* **Requirement**
Your answer must be only the lines below from the one containing "Blood clot. Coloured" through the one containing "barrel cactus with", copied exactly, with the pictures left out.

* **Extracted records**
%%
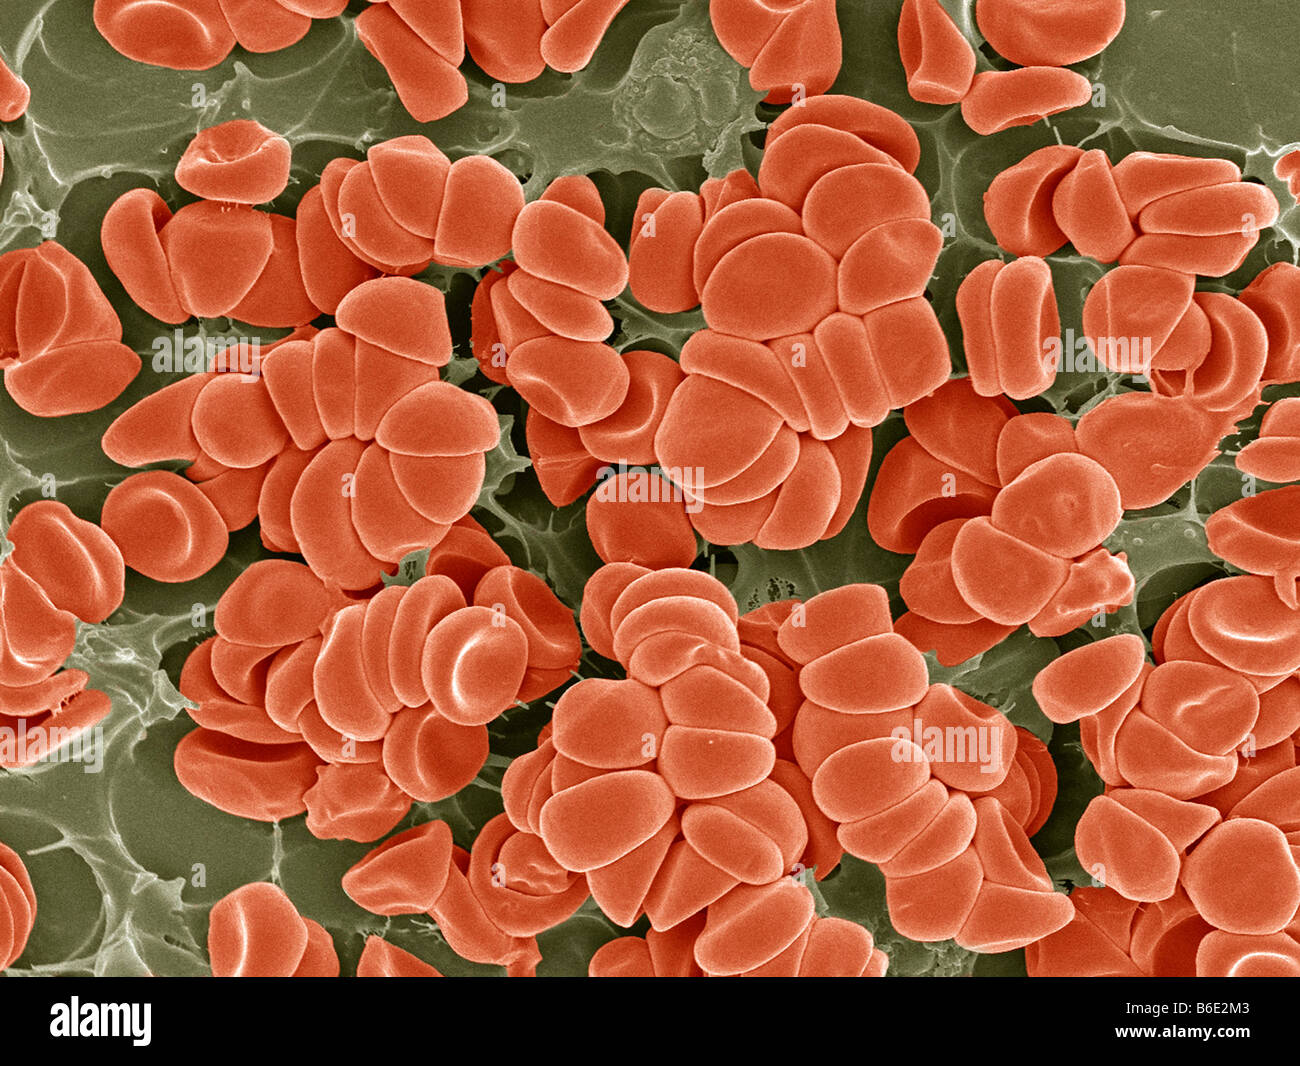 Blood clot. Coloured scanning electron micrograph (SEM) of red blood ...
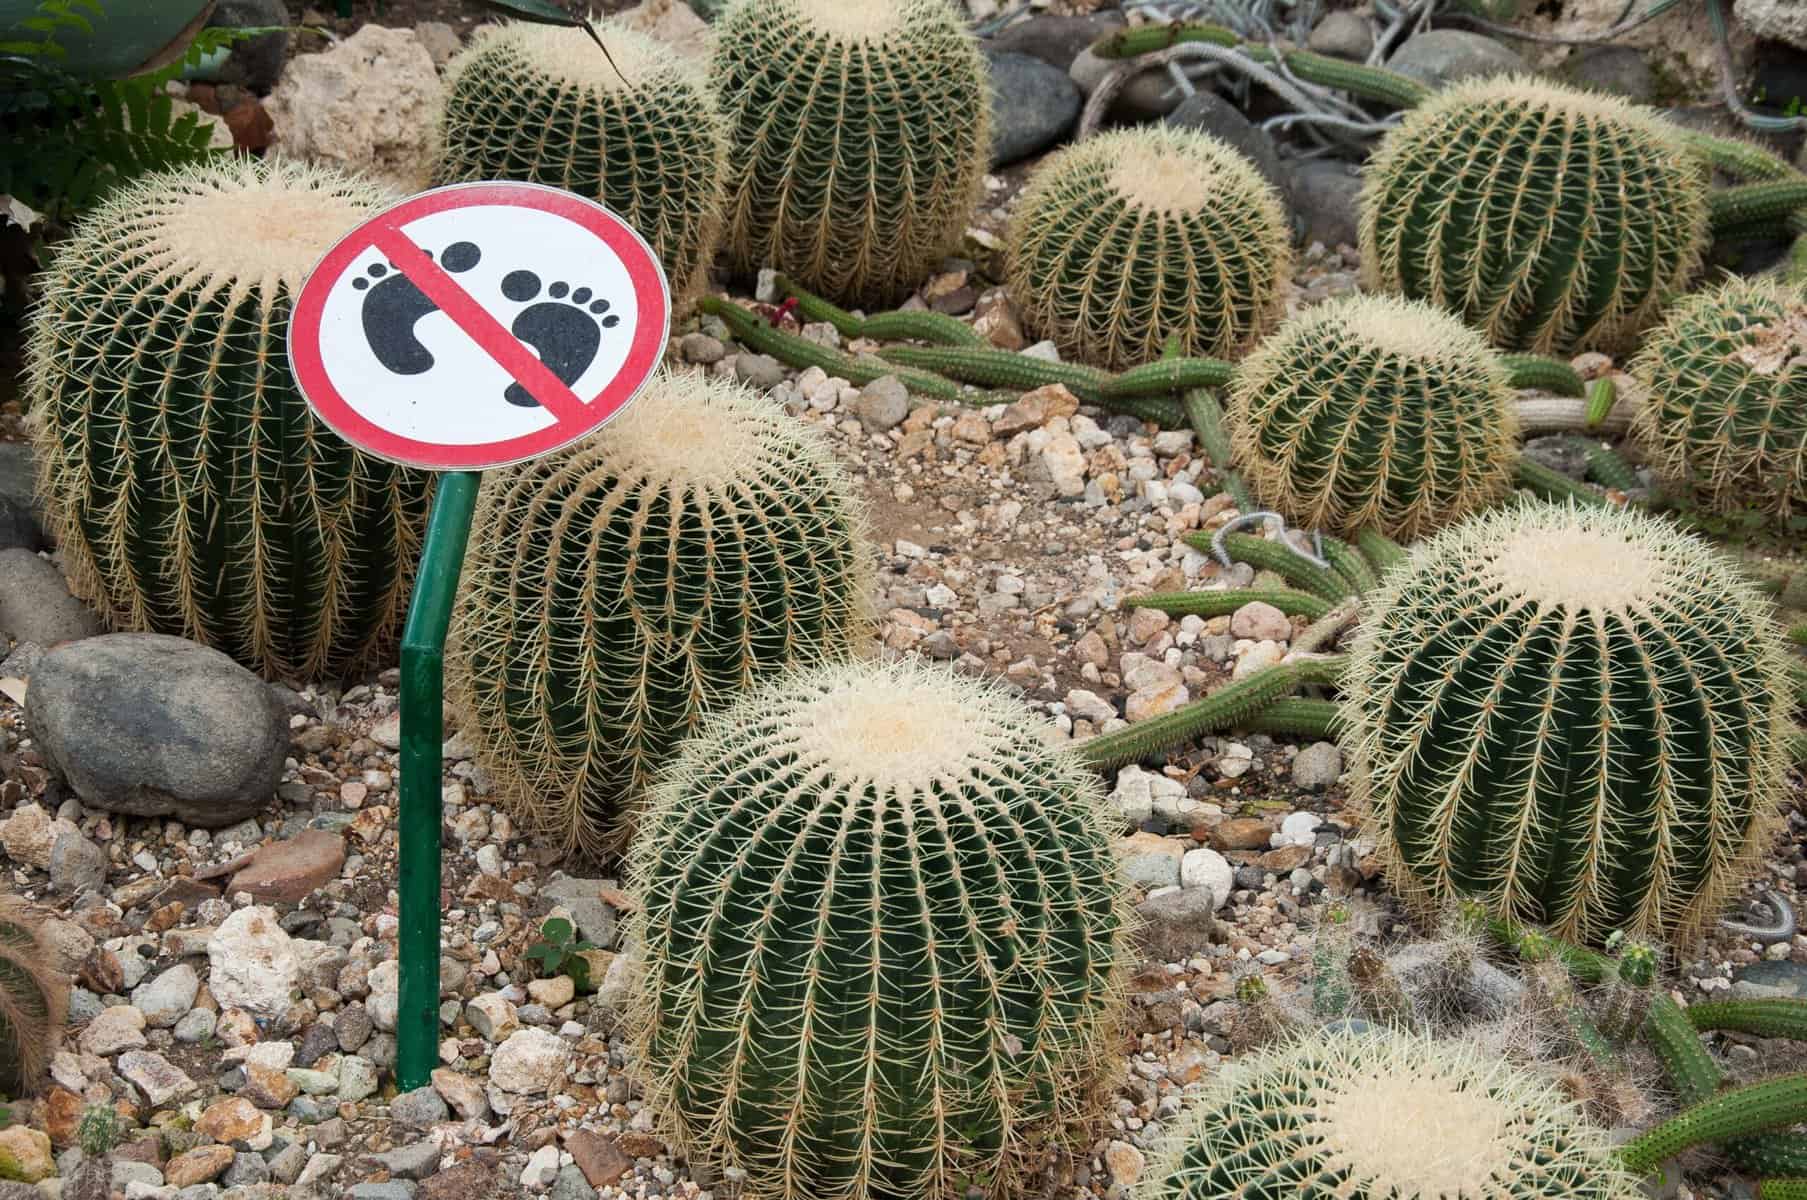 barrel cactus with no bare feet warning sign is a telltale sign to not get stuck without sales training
%%
%%
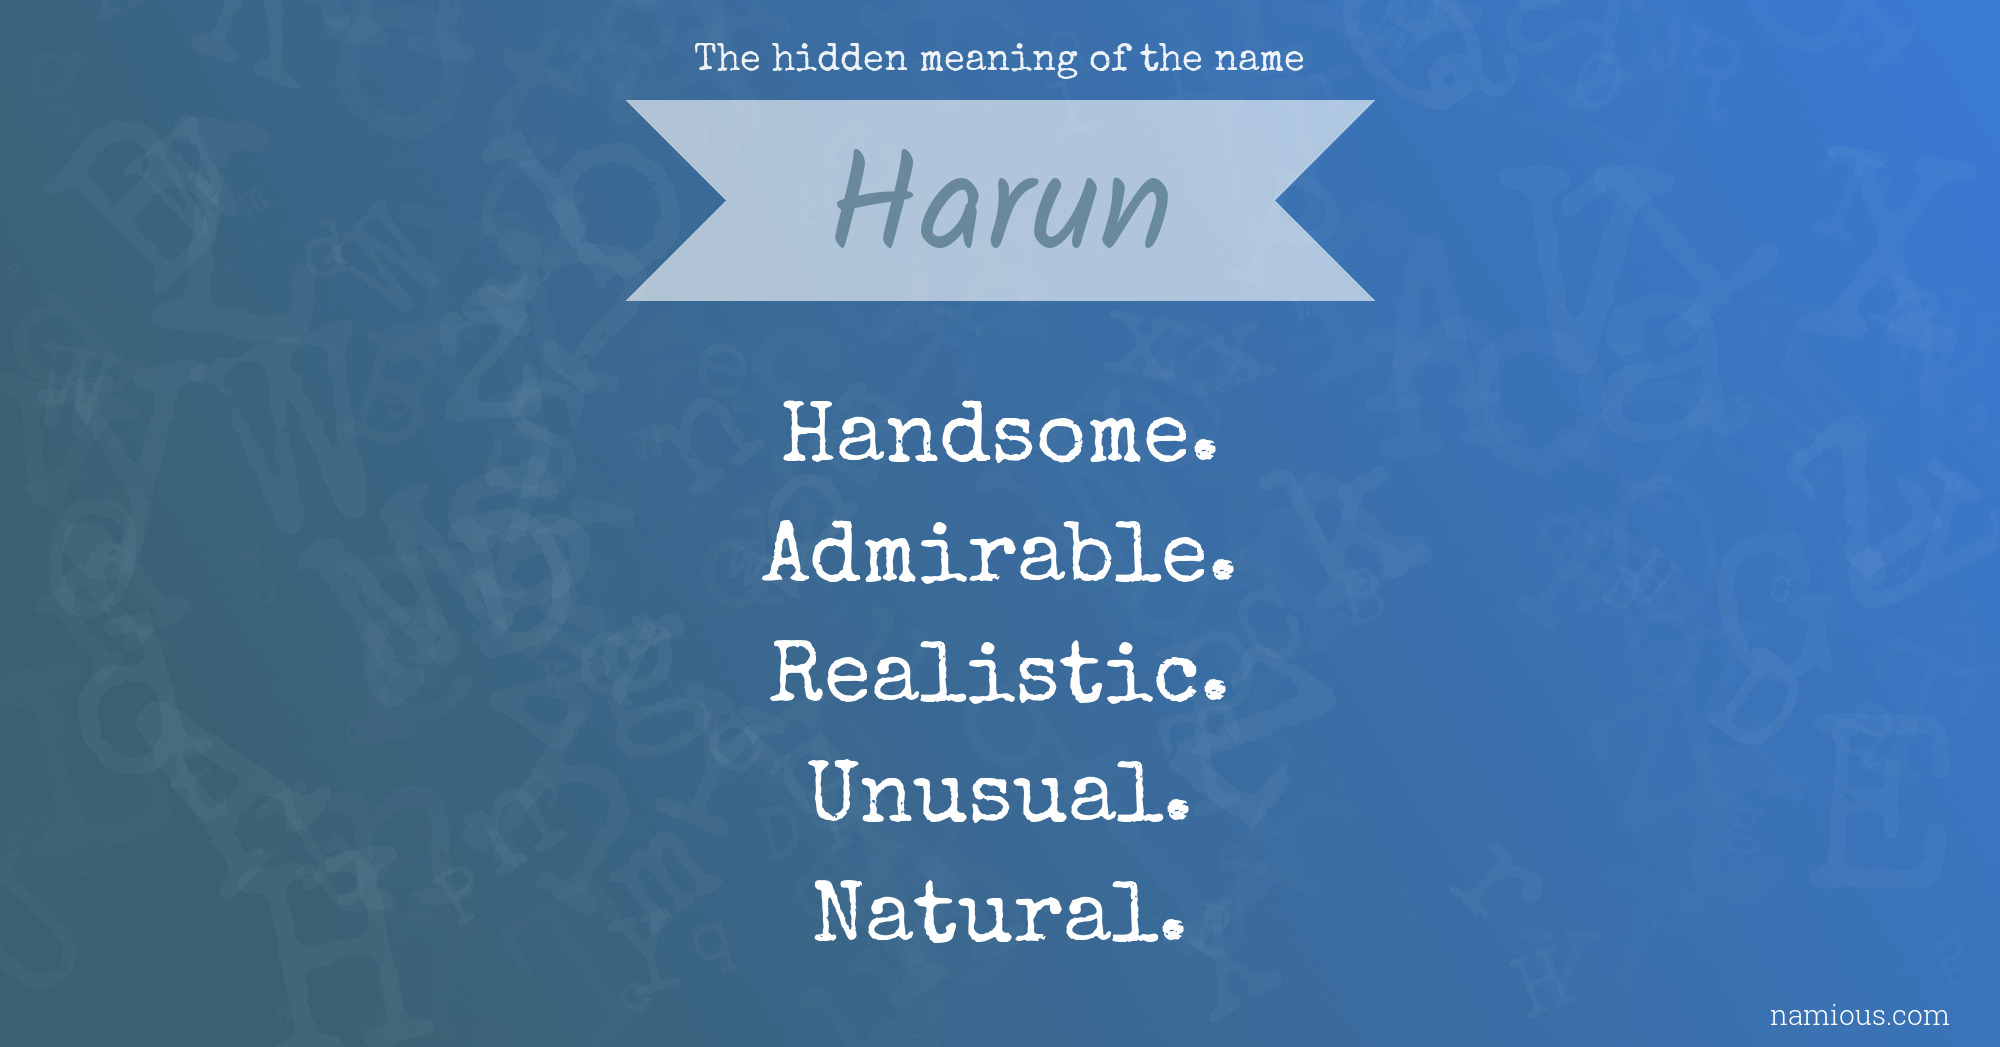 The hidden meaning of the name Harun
%%
%%
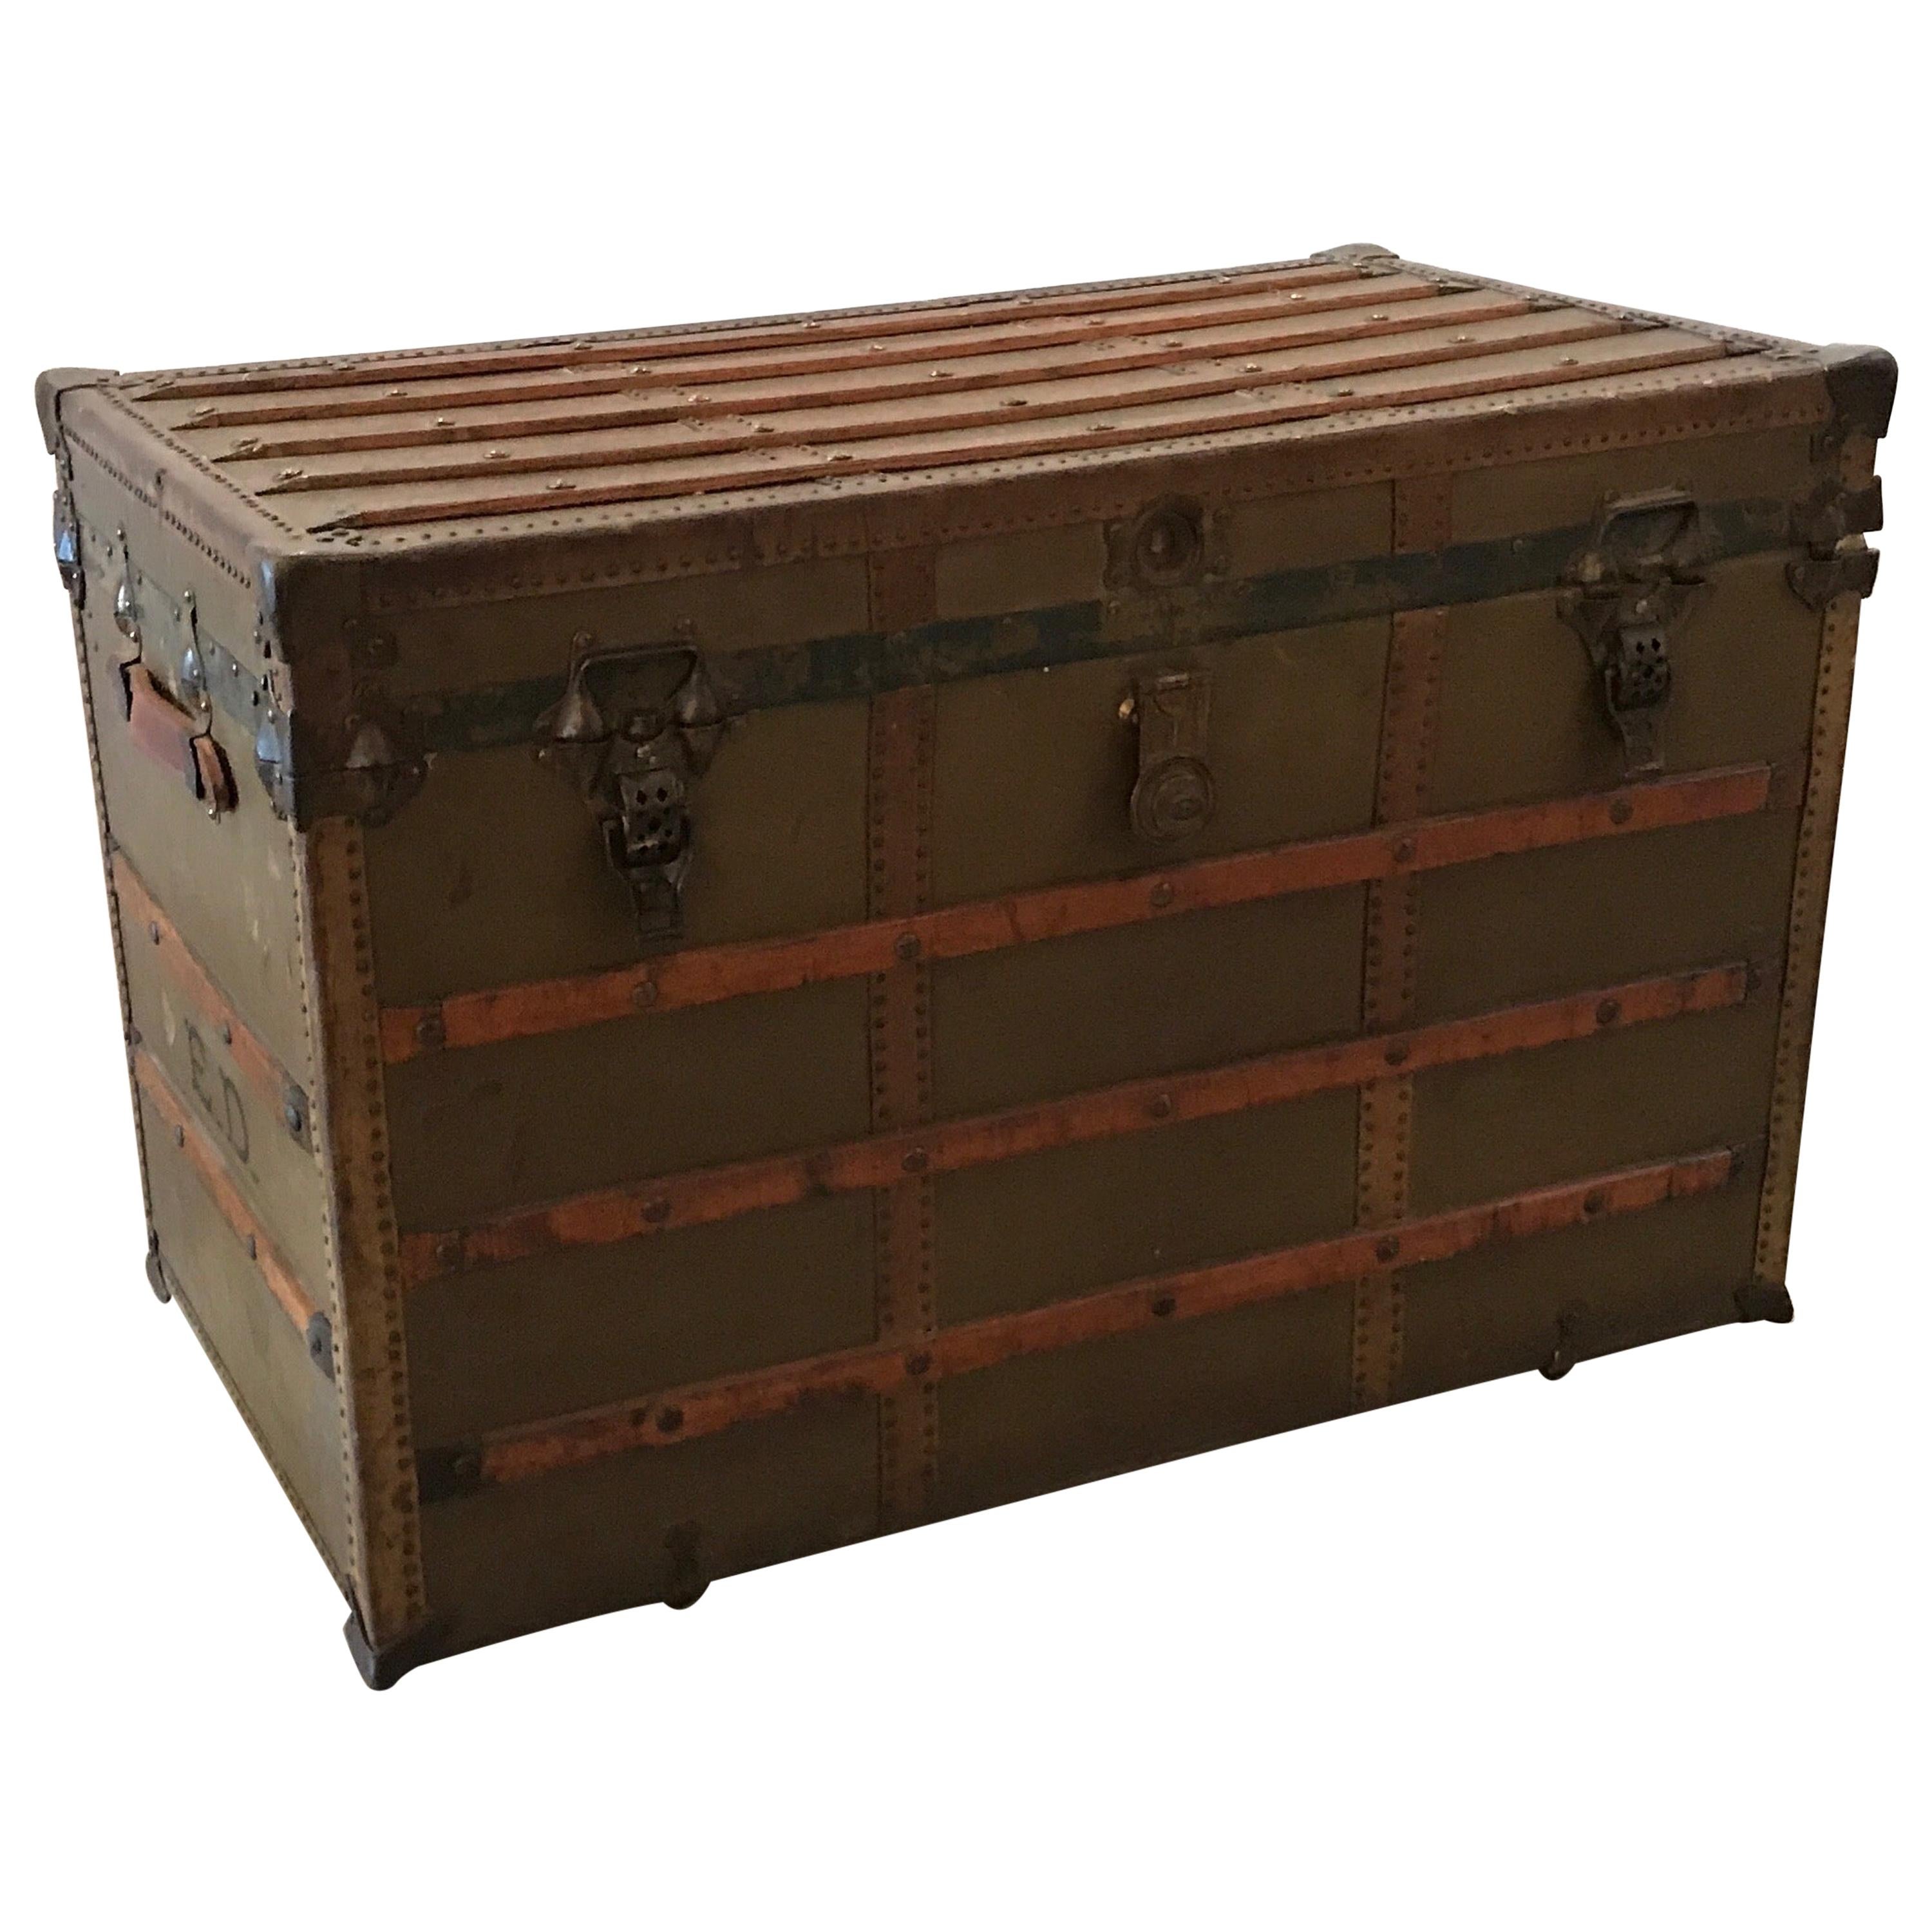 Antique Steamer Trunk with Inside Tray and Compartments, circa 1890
%%
* **Reply to the task**
 Blood clot. Coloured scanning electron micrograph (SEM) of red blood ...
 barrel cactus with no bare feet warning sign is a telltale sign to not get stuck without sales training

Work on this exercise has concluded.